Occurrence-habitat mismatching and niche truncation whem modelling distributions affected by anthropogenic range contractions

R scripts for the Pang et al. (2022) study, "Occurrence-habitat mismatching and niche truncation when modelling distributions affected by anthropogenic range contractions"

Main Article (open access): https://doi.org/10.1111/ddi.13544

These are the R scripts used for the study. This script includes the methods used to reproduce the study and create the figures based on the results obtained.

Data files can be found at figshare https://doi.org/10.5061/dryad.ttdz08m0g

Abstract

Aims: Human-induced pressures such as deforestation cause anthropogenic range contractions (ARCs). Such contractions present dynamic distributions that may engender data misrepresentations within species distribution models. The temporal bias of occurrence data—where occurrences represent distributions before (past bias) or after (recent bias) ARCs—underpins these data misrepresentations. Occurrencehabitat mismatching results when occurrences sampled before contractions are modelled with contemporary anthropogenic variables; niche truncation results when occurrences sampled after contractions are modelled without anthropogenic variables. Our understanding of their independent and interactive effects on model performance remains incomplete but is vital for developing good modelling protocols. Through a virtual ecologist approach, we demonstrate how these data misrepresentations manifest and investigate their effects on model performance.

Location: Virtual Southeast Asia.

Methods: Using 100 virtual species, we simulated ARCs with 100-year land-use data and generated temporally biased (past and recent) occurrence datasets. We modelled datasets with and without a contemporary land-use variable (conventional modelling protocols) and with a temporally dynamic land-use variable. We evaluated each model's ability to predict historical and contemporary distributions.

Results: Greater ARC resulted in greater occurrence–habitat mismatching for datasets with past bias and greater niche truncation for datasets with recent bias. Occurrencehabitat mismatching prevented models with the contemporary land-use variable from predicting anthropogenic-related absences, causing overpredictions of contemporary distributions. Although niche truncation caused underpredictions of historical distributions (environmentally suitable habitats), incorporating the contemporary land-use variable resolved these underpredictions, even when mismatching occurred. Models with the temporally dynamic land-use variable consistently outperformed models without.

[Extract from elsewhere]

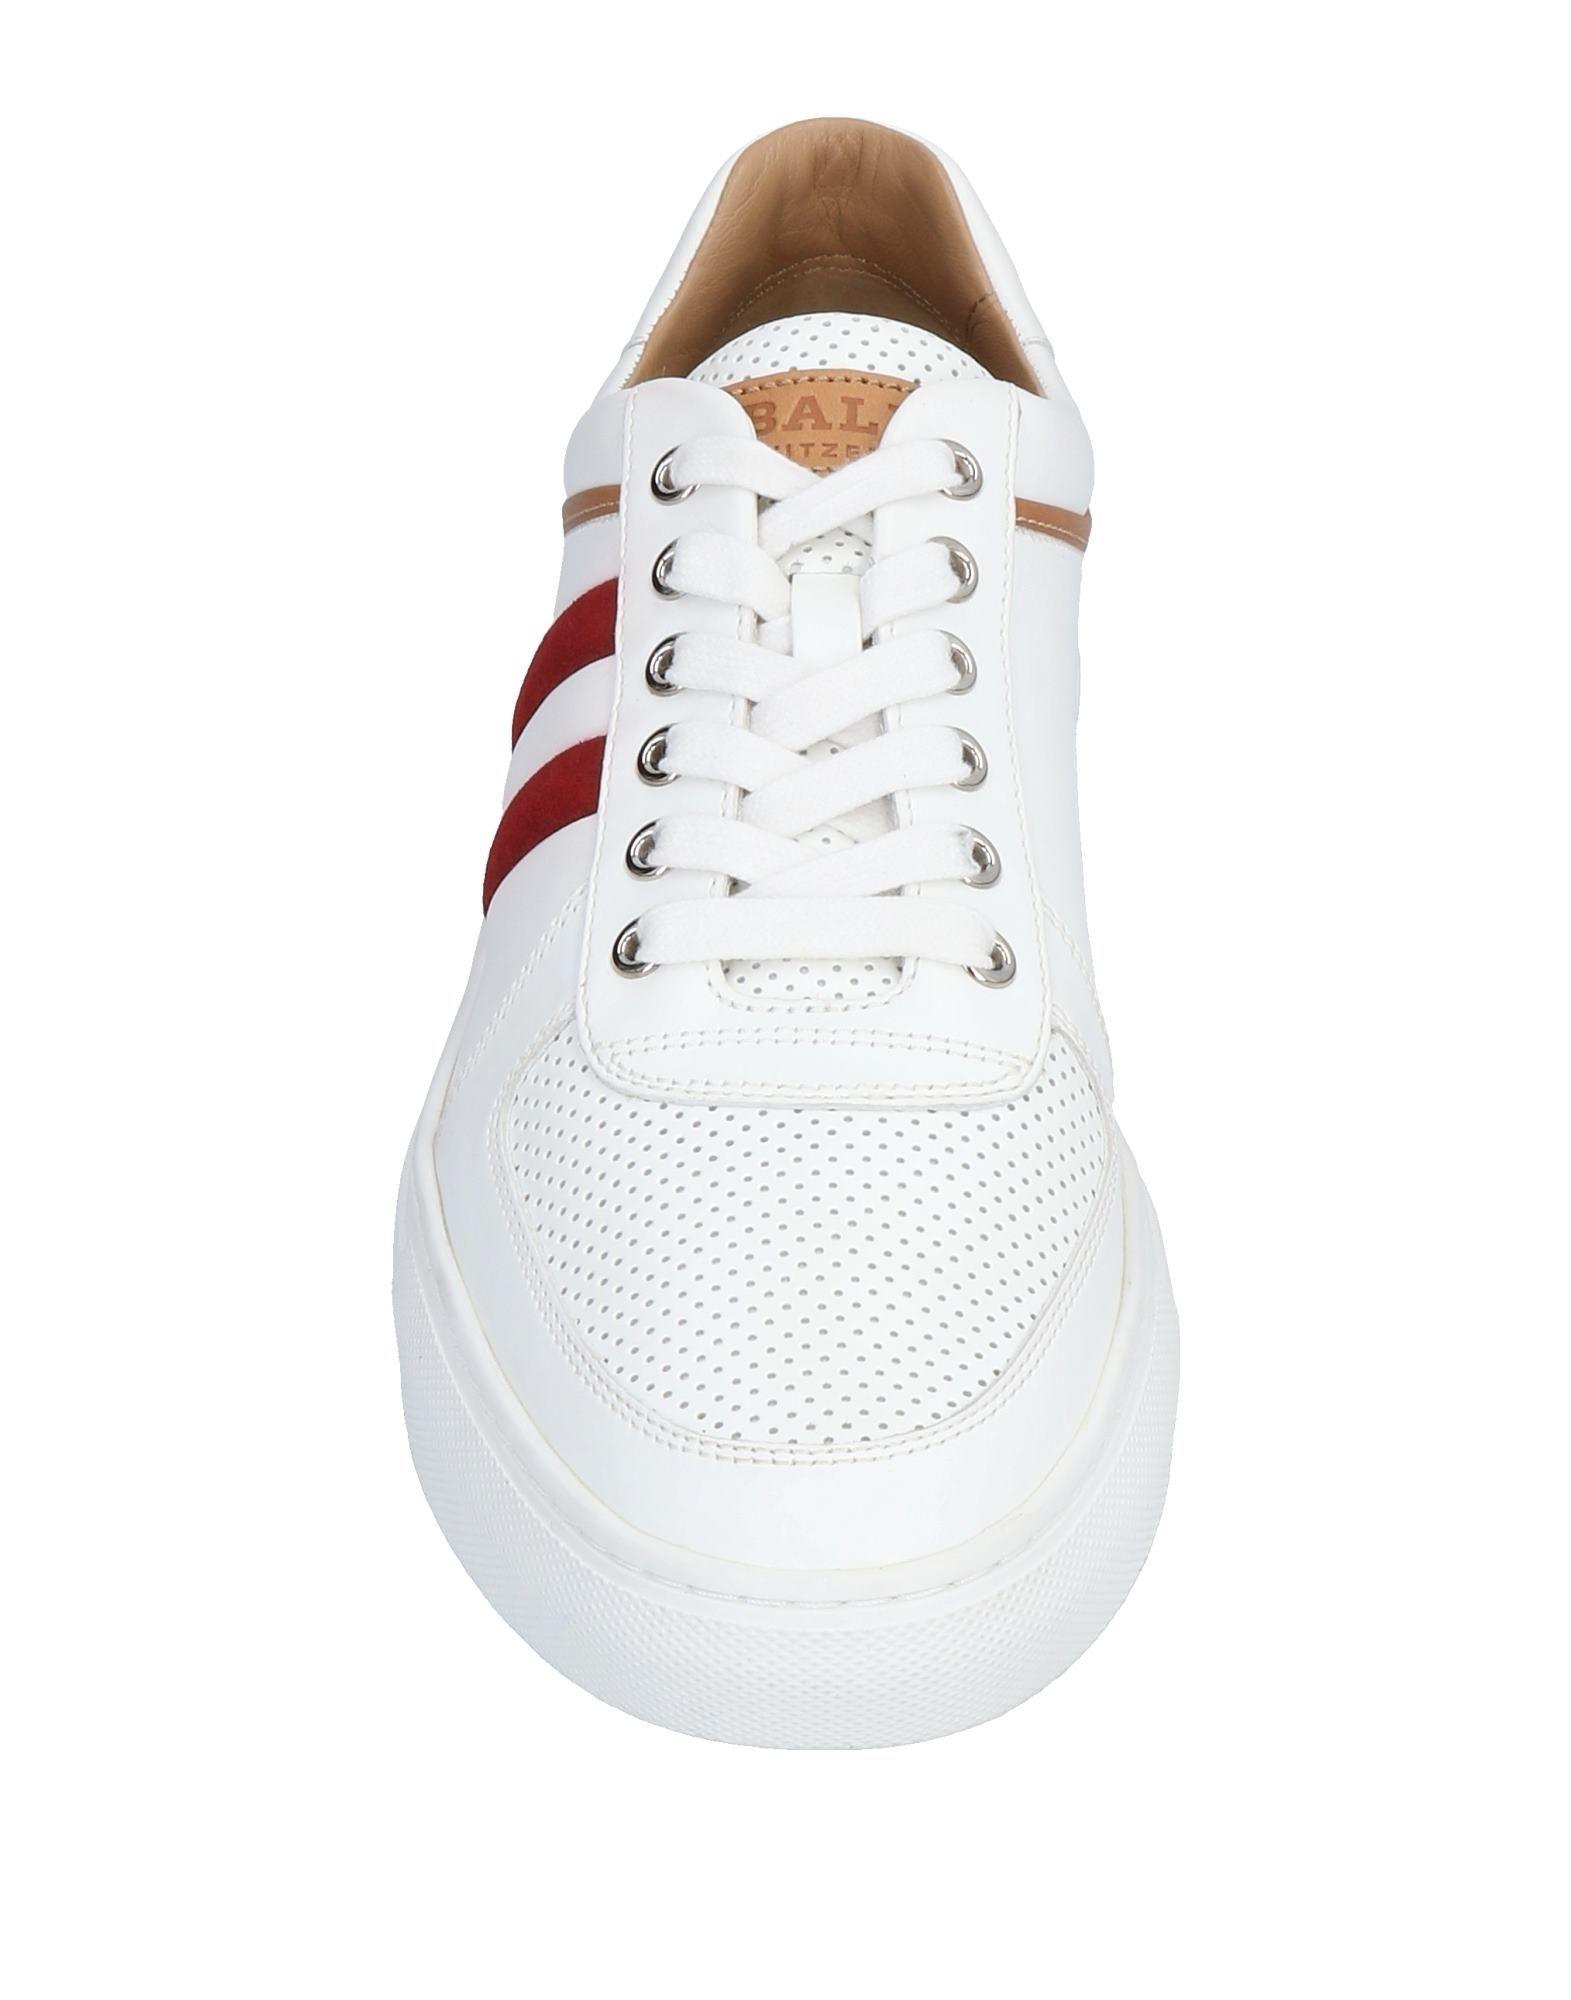 Bally Sneakers Herren  11475252QI Schuhe Gute Qualität beliebte Schuhe 11475252QI 3aa1e4

Main conclusions: We showed how these data misrepresentations can degrade model performance, undermining their use for empirical research and conservation science. Given the ubiquity of ARCs, these data misrepresentations are likely inherent to most datasets. Therefore, we present a three-step strategy for handling data misrepresentations: maximize the temporal range of anthropogenic predictors, exclude mismatched occurrences and test for residual data misrepresentations.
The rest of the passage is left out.